Dreams of Montana

I’ve been reading memoirs. Mostly books about growing up on little farms in small towns like Flushing, Michigan and Plains, Georgia, and about small kids who know how to build model boats and recognize train engines by the sound of the whistles.
By Sophie T. Bearman

I’ve been reading memoirs. Mostly books about growing up on little farms in small towns like Flushing, Michigan and Plains, Georgia, and about small kids who know how to build model boats and recognize train engines by the sound of the whistles. I want a life like that. Eventually I want my kids to have a life like that. Those books are becoming parts of a larger narrative—my own. I’m stealing some of their bits and pieces.

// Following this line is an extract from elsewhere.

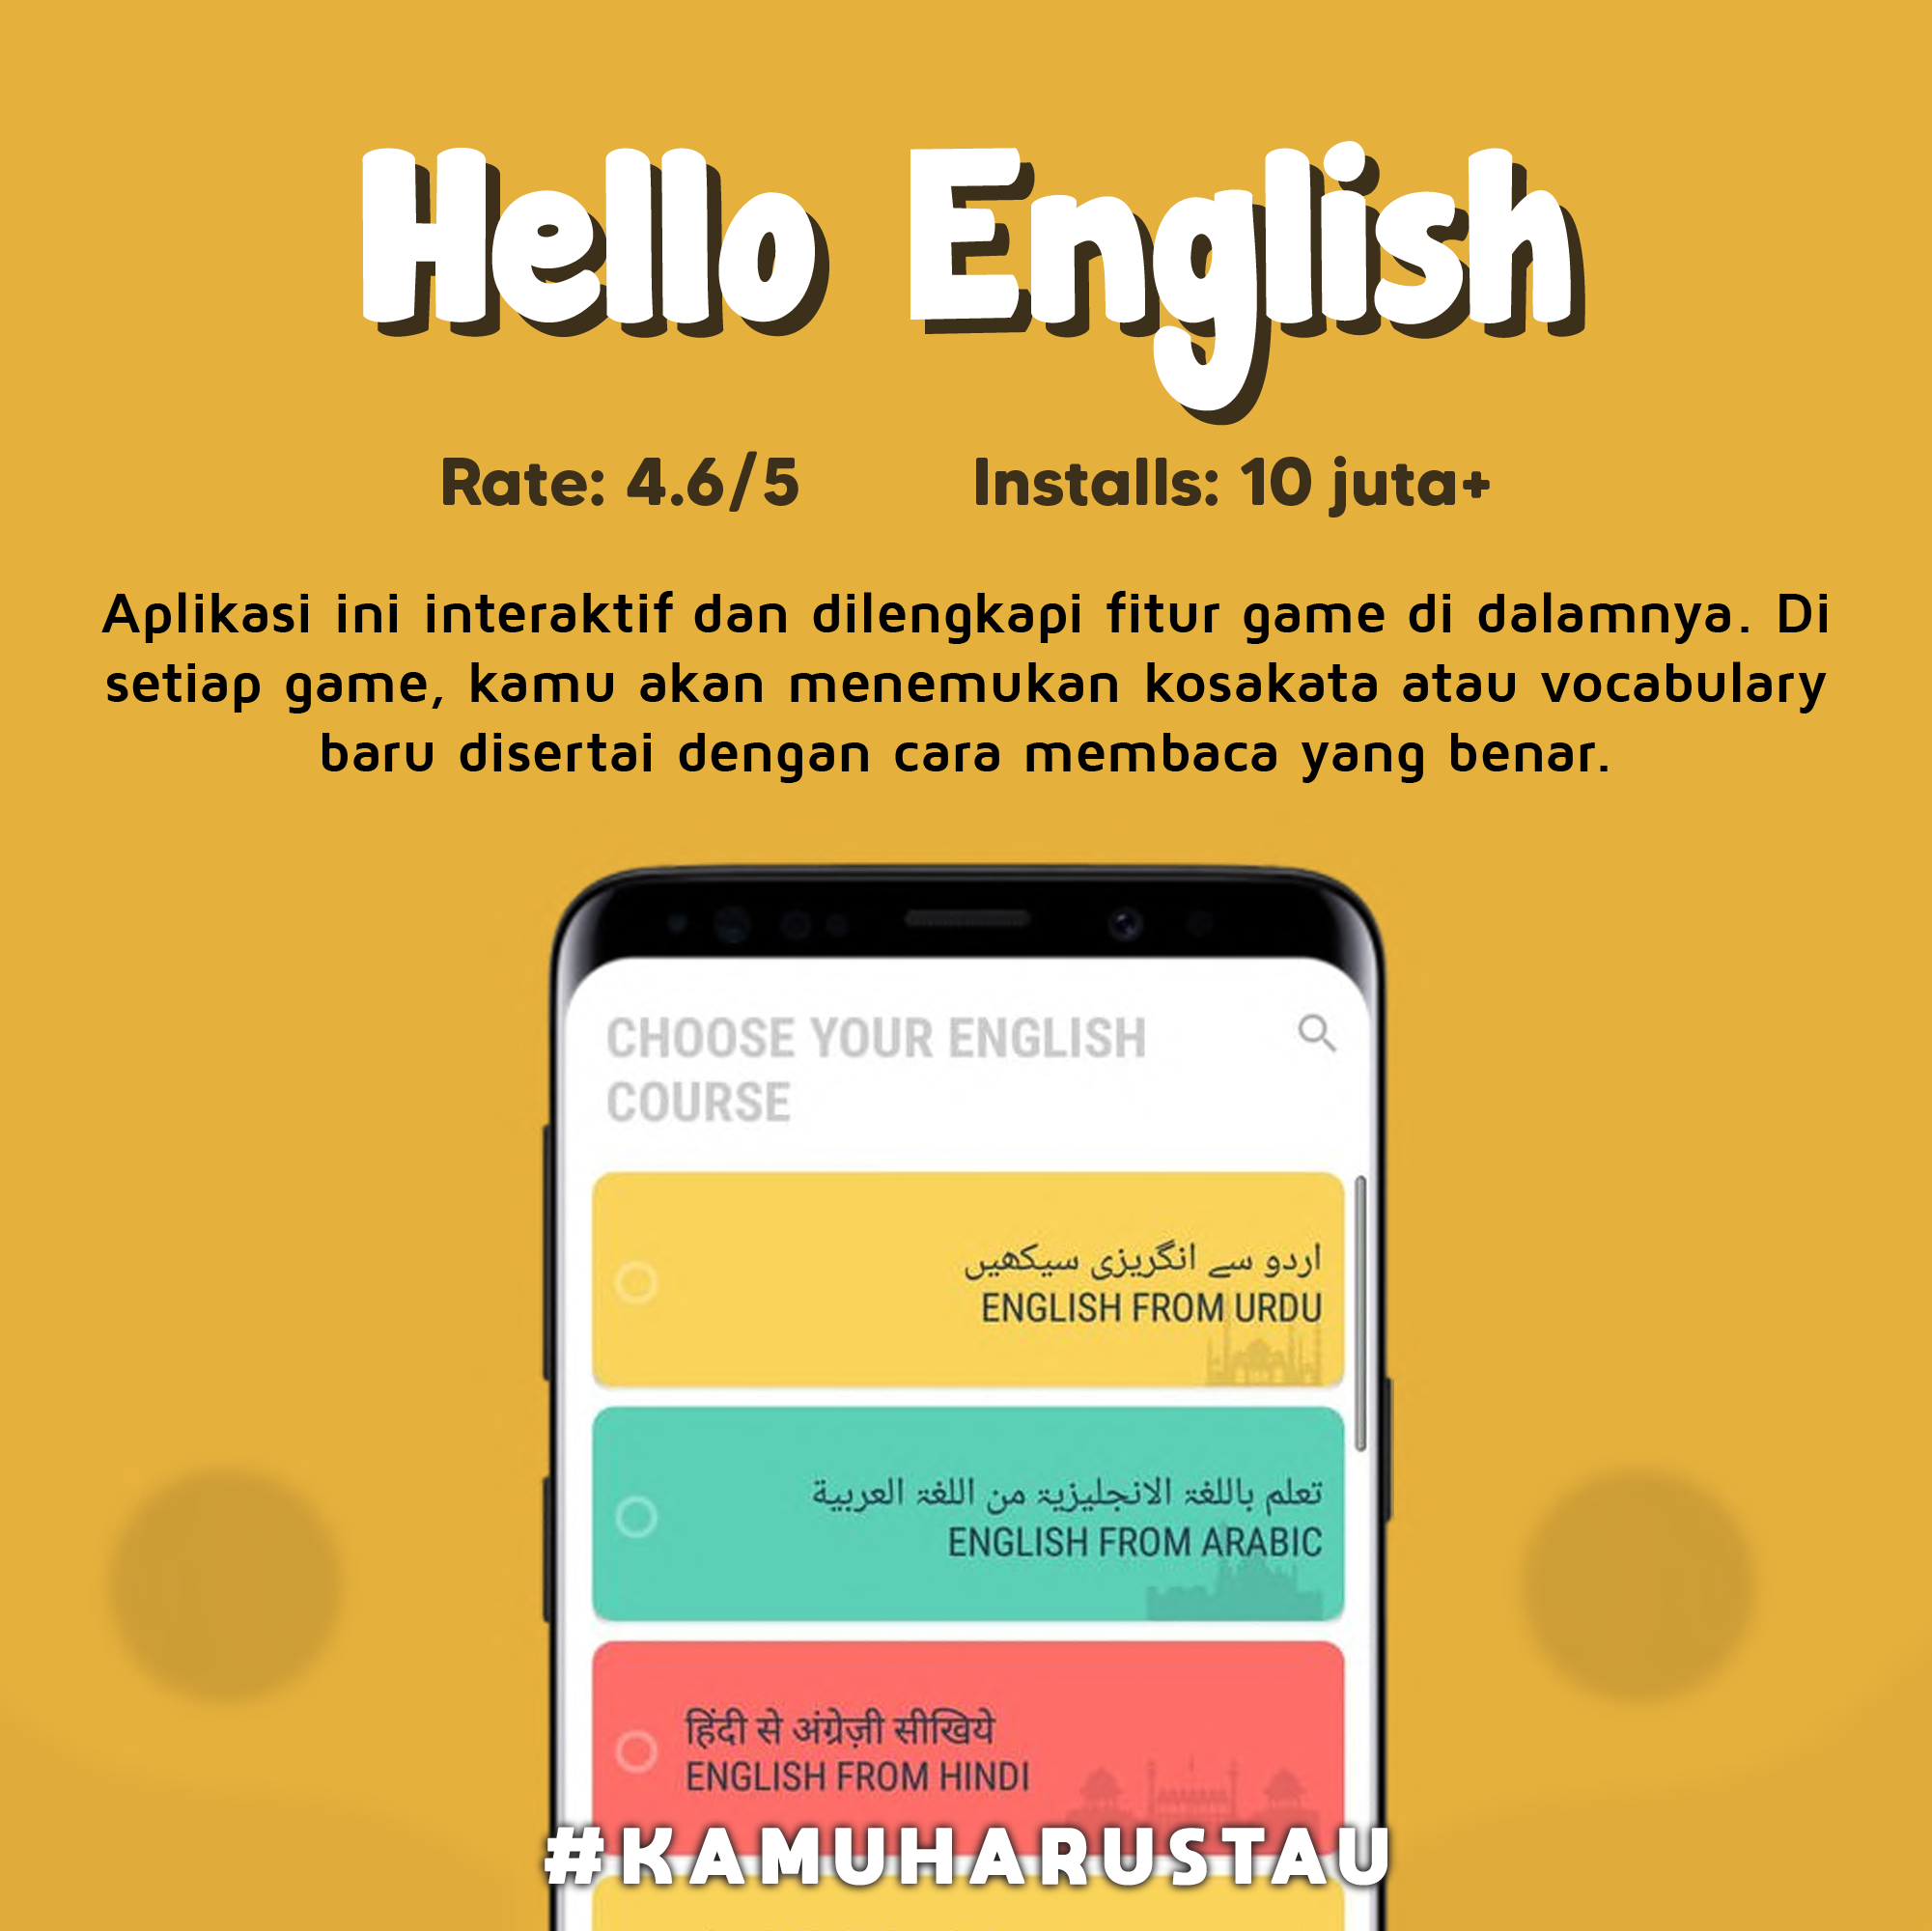 Aplikasi-Aplikasi Belajar Bahasa Inggris Dengan Mudah | Indozone.id

I’ve been reading other stories, too: Modern Love essays that run in the Sunday Style section of the New York Times. I’ve been reading the column since 2004, when I was too young to know much about love at all. A few months ago I read a Modern Love essay about a woman who finds love in an unexpected place. She’s visiting Michigan with her sister and meets a man who owns a café off of Lake Superior—a wooden shop on a little street, surrounded by a huge, huge sky. She turns to her sister and tells her that he’s the one. They marry within months—it’s crazy—but they do, and now they often snowmobile to work. It’s almost too much for me to handle, a story like that.

See, I want that. In my case it’s Montana—it’s always been Montana. I’ve never been there, but sometimes you need to put a name to a place, even when you’re dreaming. I like big sky and big mountains, and I don’t like skiing but I like snow and I love hot chocolate.

I grew up in New York City on 113th street. My boyfriend Sam grew up on 112th. We went to the same high school, but only met near the end of our senior years, and though we rode the subway home together, we didn’t realize how close our buildings really were. The first few months we dated were easy. We’d kiss often in our elevators. We’d worry whether there might be cameras, but we would do it anyway. He would walk me home at dusk, and then we’d meet again in the morning, a few hours later, to walk his dogs in Riverside Park. Sometimes we’d follow the stroll with breakfast.

Sam goes to MIT now, so he’s not as close. But there are degrees of proximity; I think it’s both near and far. The distance works because Boston is our middle ground. We go there for dinner and dates, and last year we spent a week in the city house-sitting for my cousin and her cat. We went out for sushi, and after dinner we got caught in a snowstorm. Sam took off his jacket and gave it to me. His t-shirt was soaked through. We ran home and put on the kettle. The cat snuggled with us on the couch.

I told Sam recently that I wanted to move to Montana with him and bake scones in a small café, just the two of us, like in the Modern Love essay. He leaned over and kissed me. “I haven’t read that one yet. Tell me about it.”